[Data records]
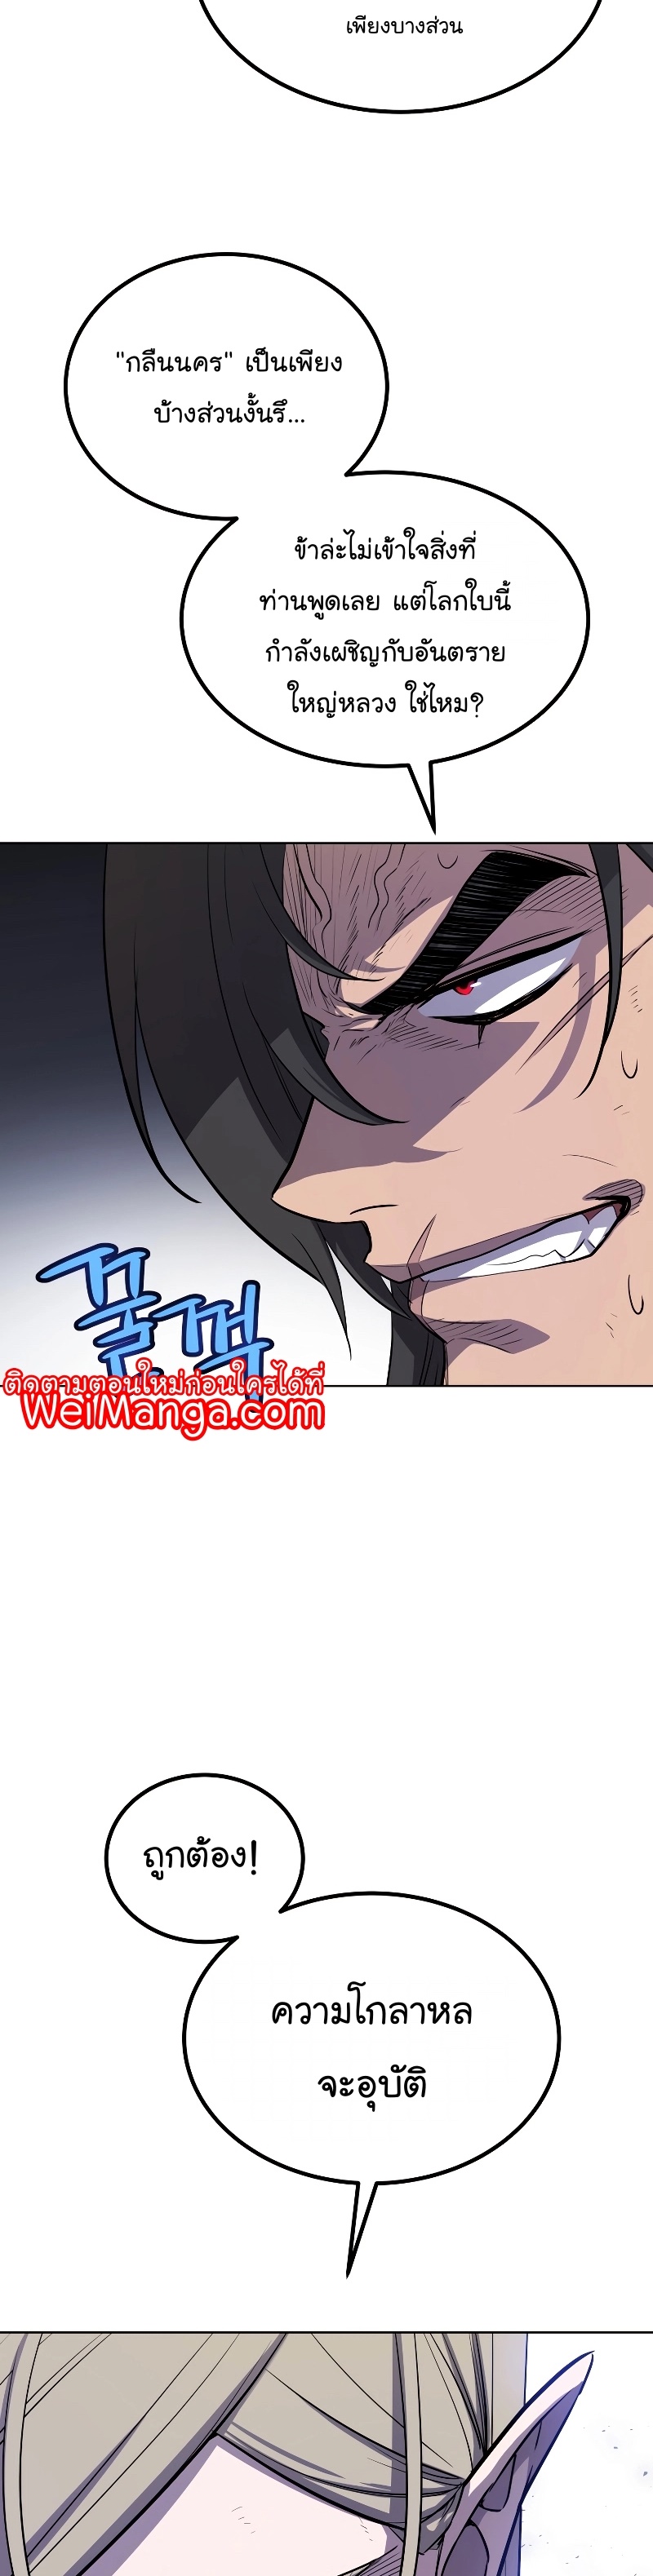 Overpowered Sword Wei Manga Manhwa 91 (15)
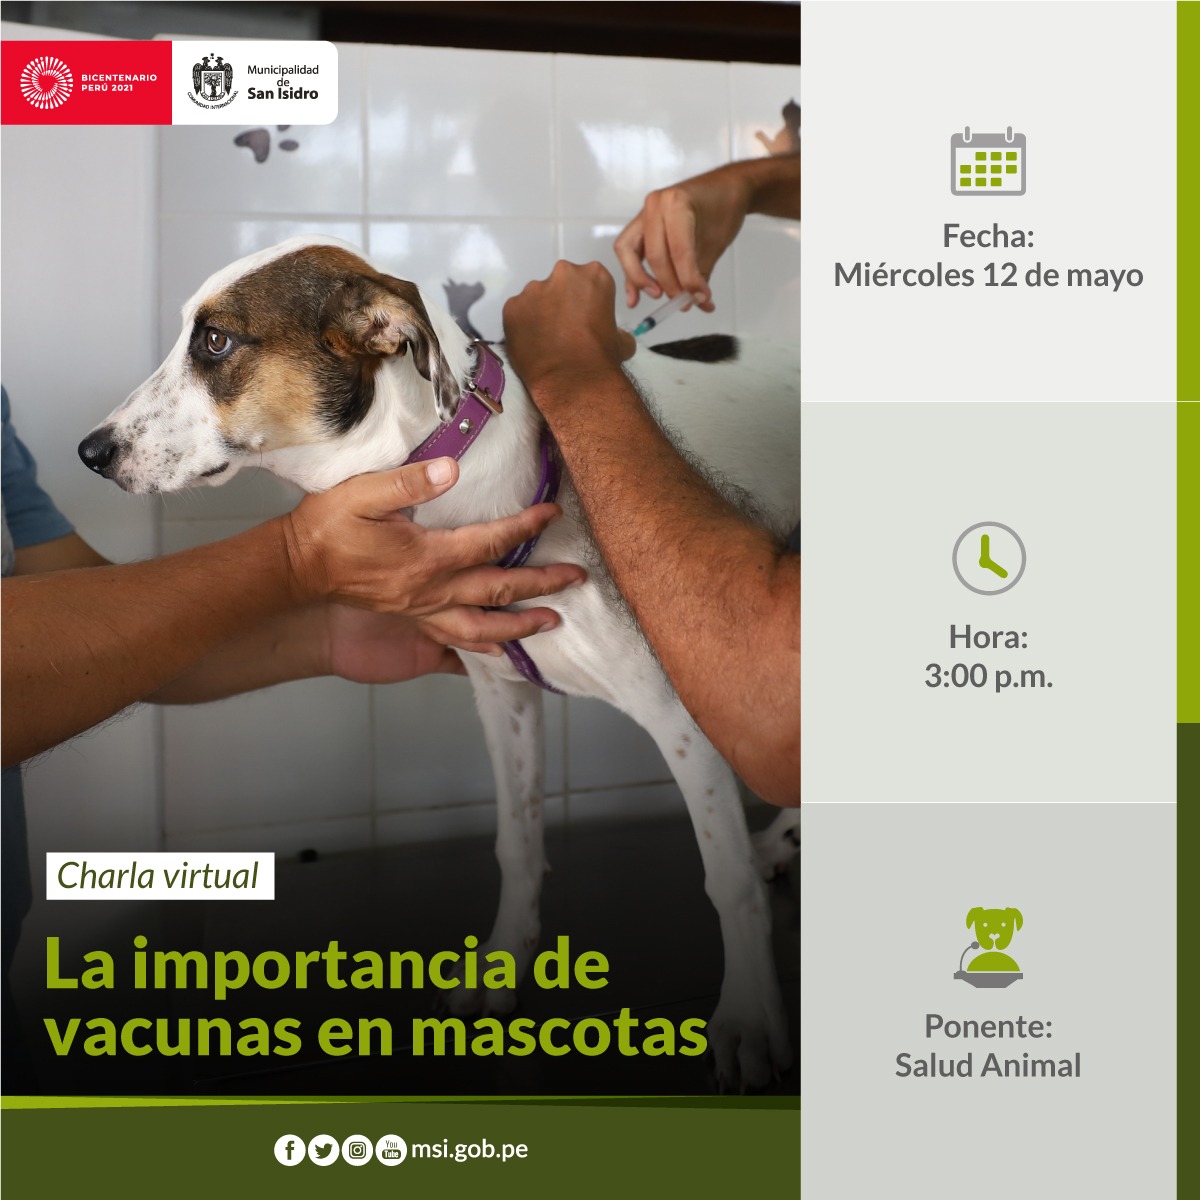 La importancia de vacunas en mascotas
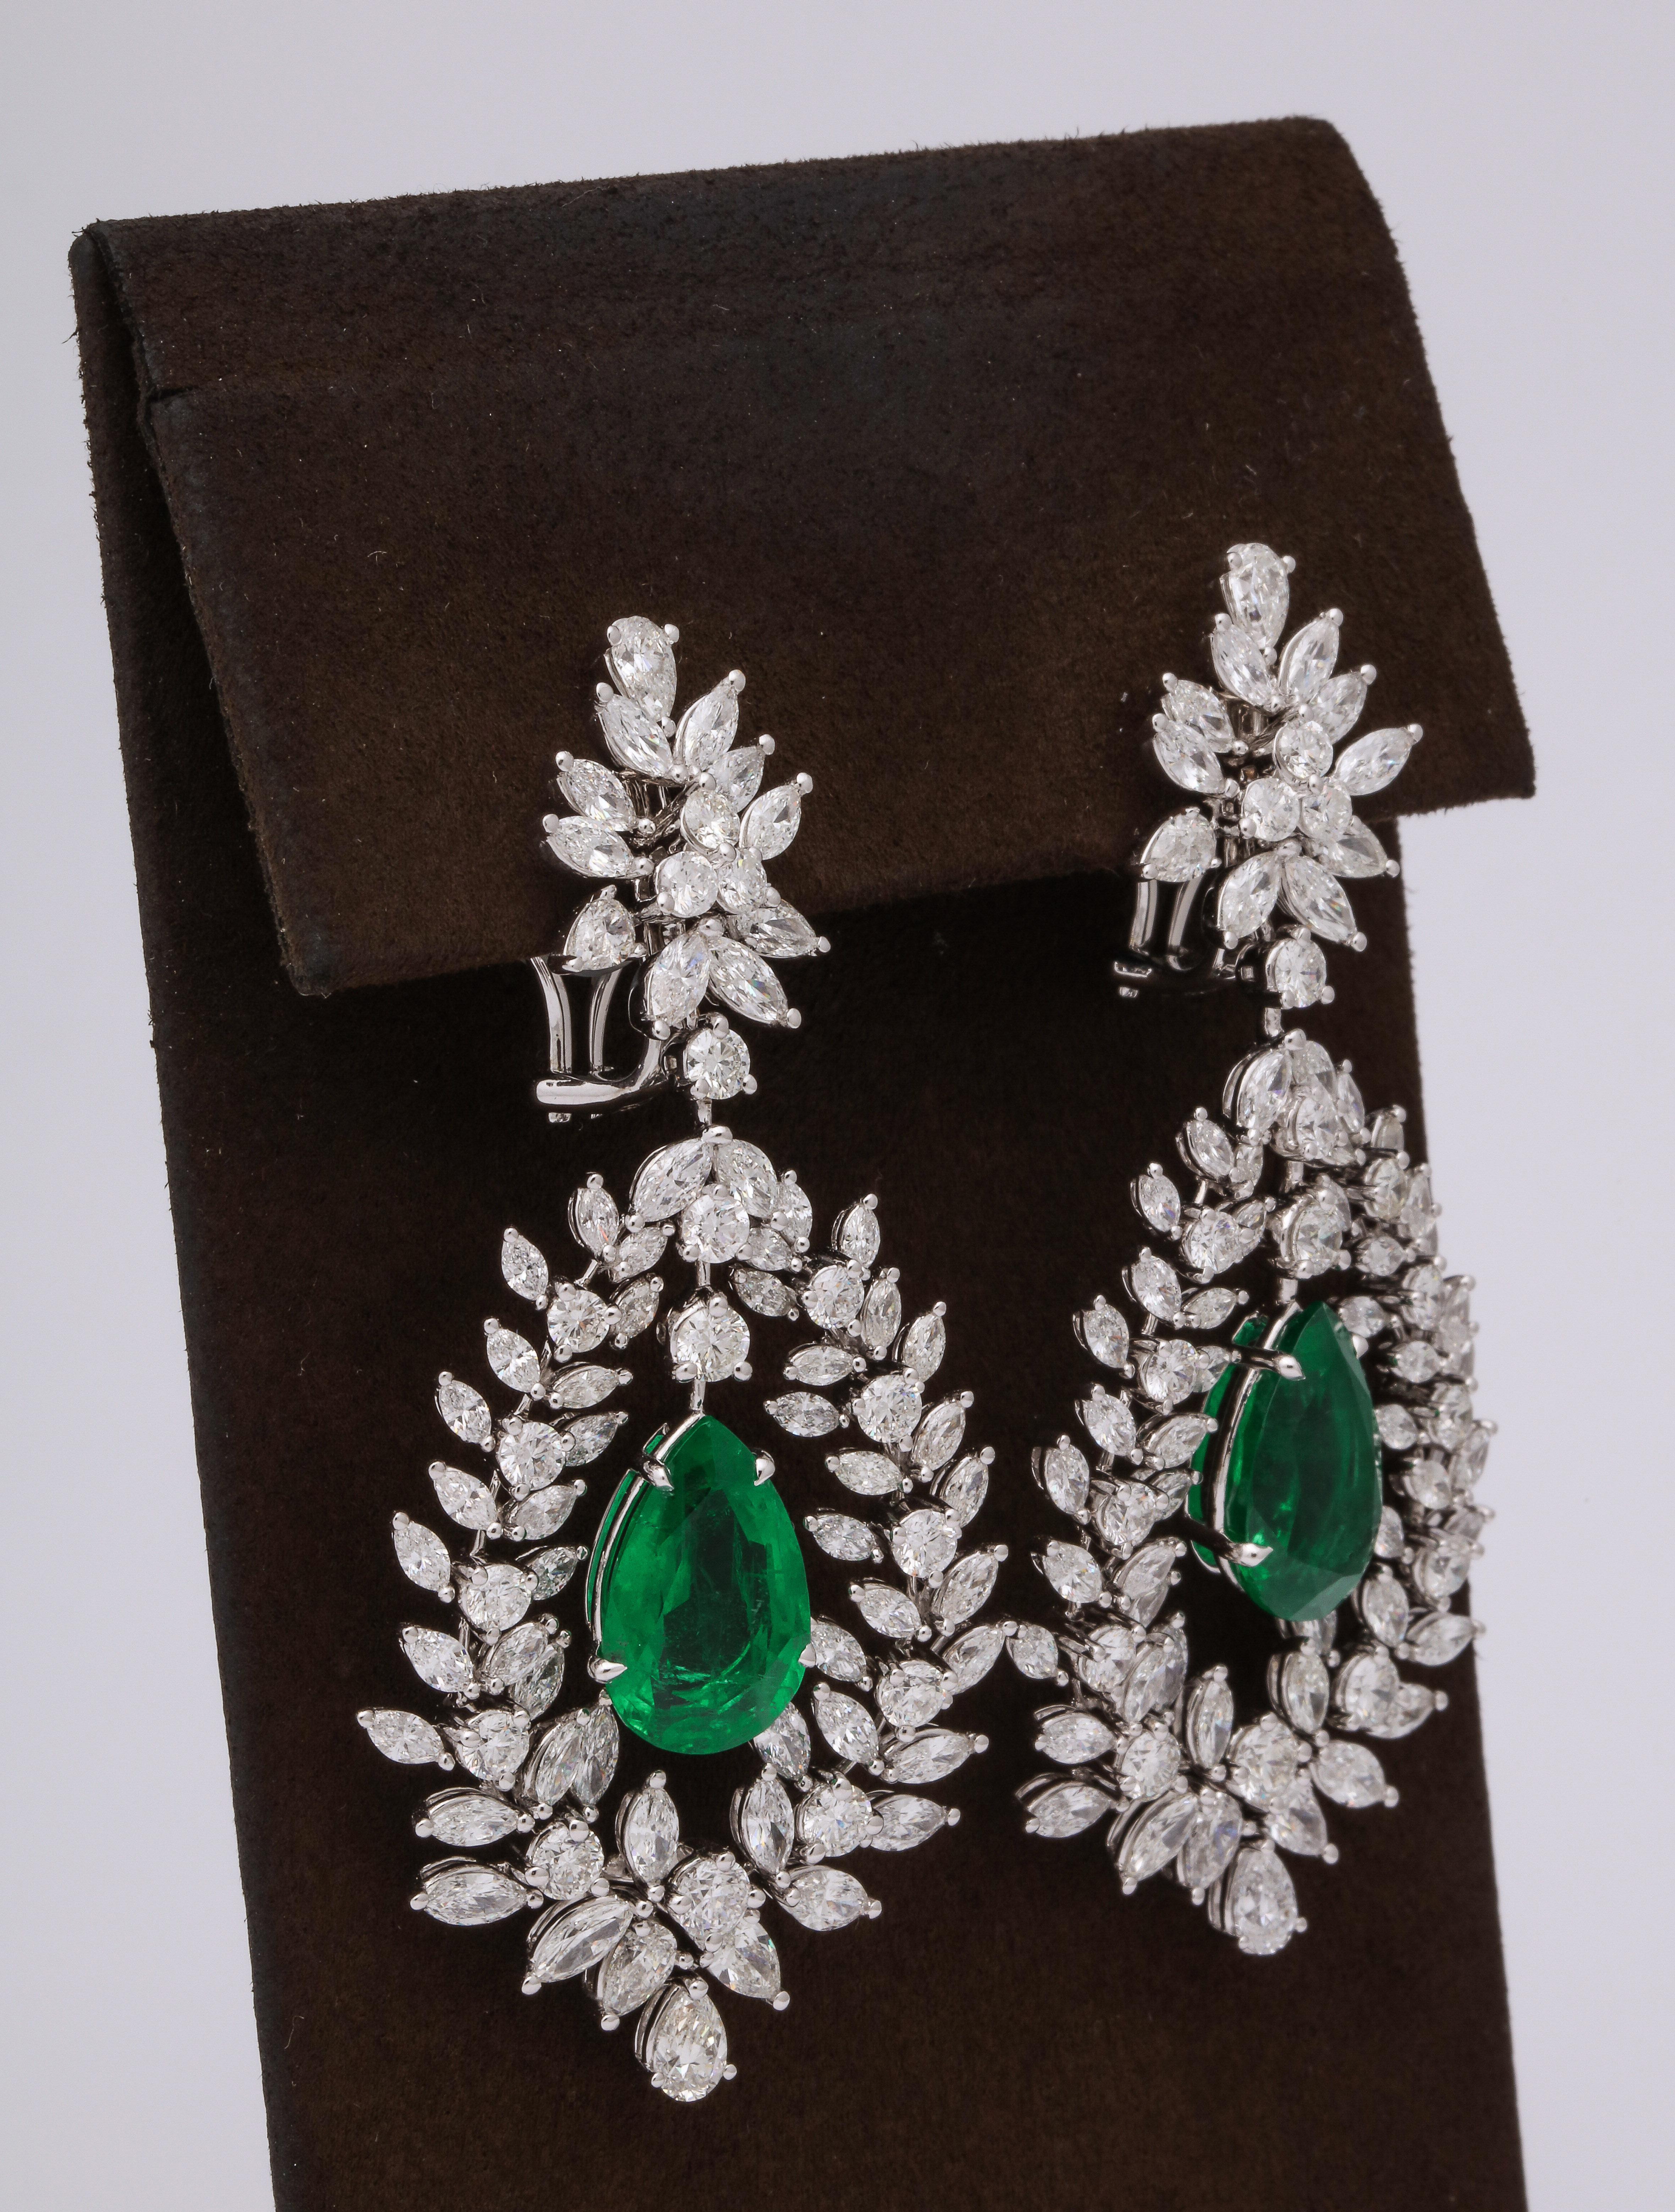 
Ein großartiges Paar Smaragd- und Diamant-Ohrringe zum Hängen 

11.67 Karat zertifizierte VIVID GREEN Smaragde. 

16.30 Karat weiße Diamanten, alle in 18 Karat Weißgold gefasst. 

Ungefähr 6,5 cm lang und 3 cm breit. 

Zertifiziert von Christian

• **Problem description**: Word for word, return the lines from the one holding "11.67 Karat zertifizierte" through the end of the entries above.

• **Answer**:
11.67 Karat zertifizierte VIVID GREEN Smaragde. 

16.30 Karat weiße Diamanten, alle in 18 Karat Weißgold gefasst. 

Ungefähr 6,5 cm lang und 3 cm breit. 

Zertifiziert von Christian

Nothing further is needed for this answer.